Extended Data Fig. 9 Predictive modeling and ROC analytics of gene expression and CNA data.
ROC and precision-recall curves for the predictive model based on gene expression data shown in Fig. 4A-C. Curves are shown for the CIS discovery set (a-b), CIS validation set (c-d) and application to TCGA LUSC data (e-f). Using an analogous method to gene expression and methylation we used copy number data derived from methylation arrays to predict lesion outcome. Probe-level copy number changes were aggregated over cytogenetic bands; these data were used as input to Prediction Analysis of Microarrays (PAM). g-i, Probability plot based on a 154 cytogenetic band signature for correct class prediction (red circles indicate progressive lesions, green circles indicate regressive lesions). The area under the curve for the 154-cytogenetic band signature is 0.86. j-l, Application of our predictive model to previously published data (van Boerdonk et al.) replicates their result, classifying all regressive and 9/12 progressive samples correctly. This dataset included pre-invasive samples of various histological grades, rather than only CIS. m-o, Application of our predictive model to TCGA copy number data. Samples were correctly classified into TCGA LUSC and TCGA control samples with an AUC of 0.98.
Extended Data Fig. 10 Predictive modeling of methylation data.

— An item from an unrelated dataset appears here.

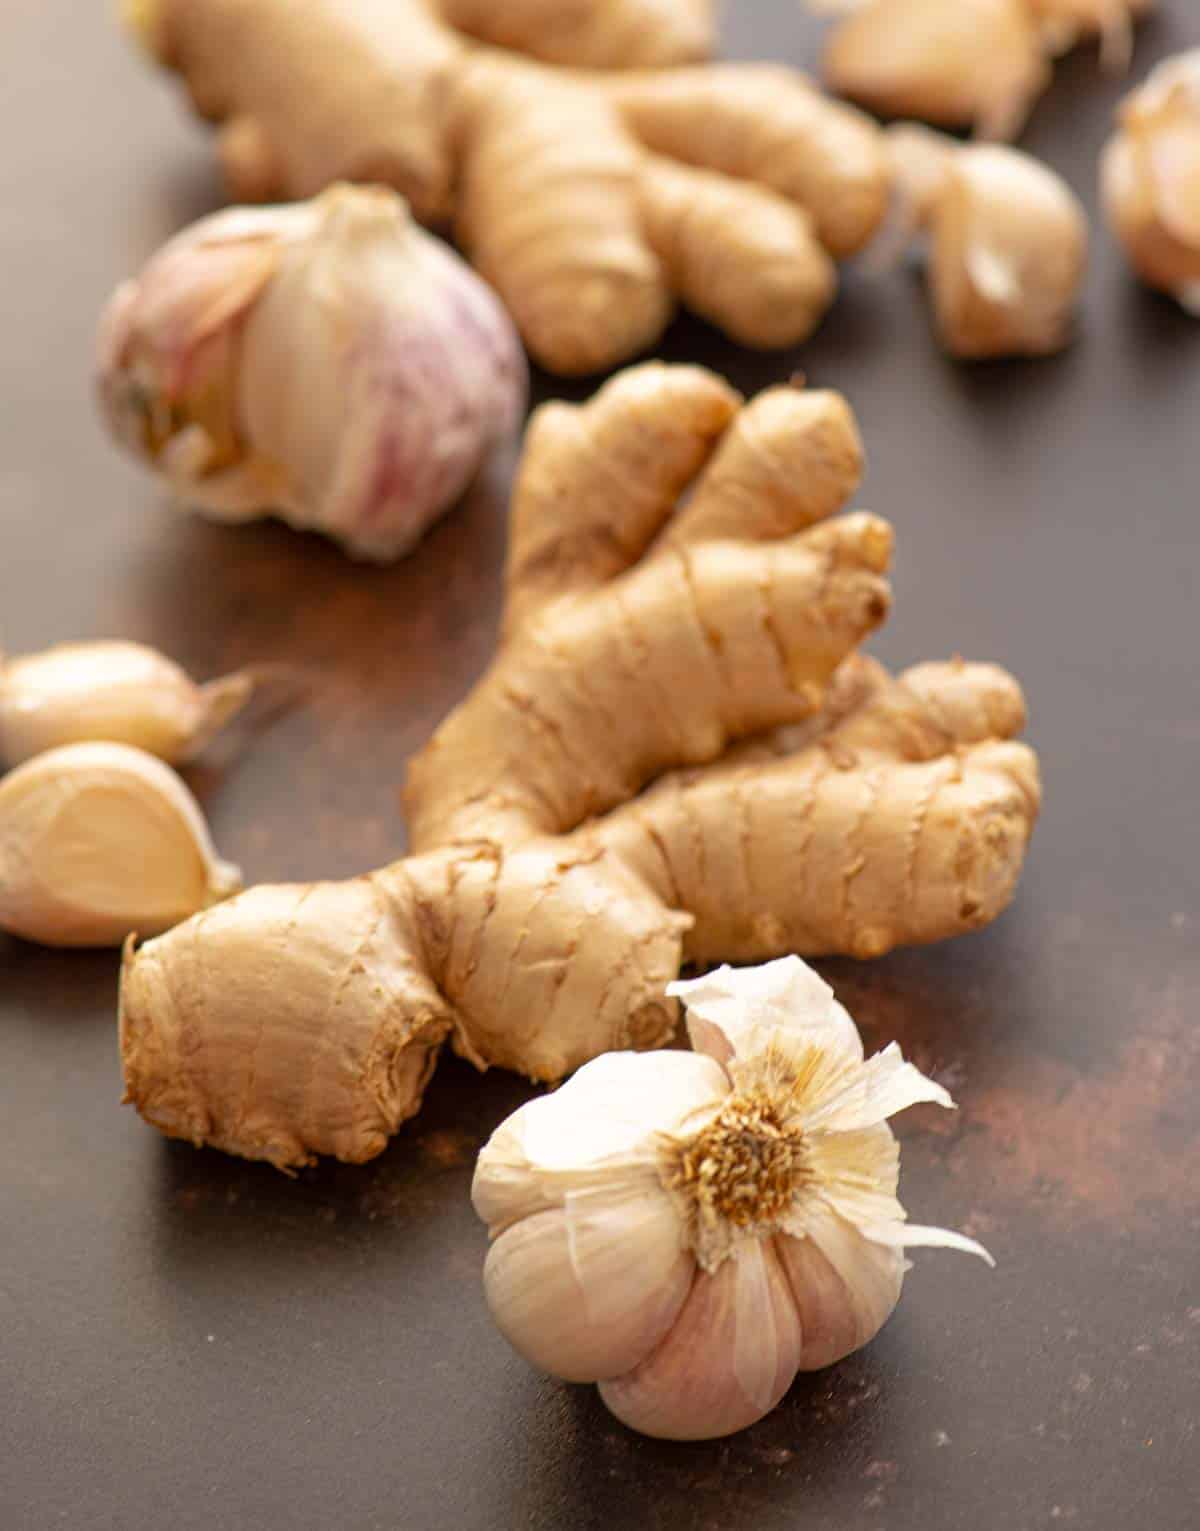 ginger and garlic on a brown surface

In addition to the predictive modeling based on probe variation shown in Fig. 5, we used differentially expressed methylation probes to create a predictor using a Prediction Analysis for Microarrays (PAM) method. The model was trained on a training set (a-c) consisting of 26 progressive samples, 11 regressive samples and 23 control samples, shown in red, green and blue, respectively. A predictor based on 141 DMPs was created. This was applied to a validation set of 10 progressive, 7 regressive and 10 control samples (d-f), predicting outcome with AUC = 0.99. g-i, Application of our predictive model to TCGA methylation data. Samples were correctly classified into TCGA LUSC and TCGA control samples with AUC = 0.99. j-m, ROC analytics and precision-recall curves for Methylation Heterogeneity Index (MHI) model presented in Fig. 4. Curves apply to cancer vs control (j-k) and progressive vs regressive (l-m), respectively. n, Histogram of AUC values using MHI model with random samples of 2000 probes, applied to progressive vs regressive data. This demonstrates that a similar AUC is achieved with a random sample of probes as when using the entire array.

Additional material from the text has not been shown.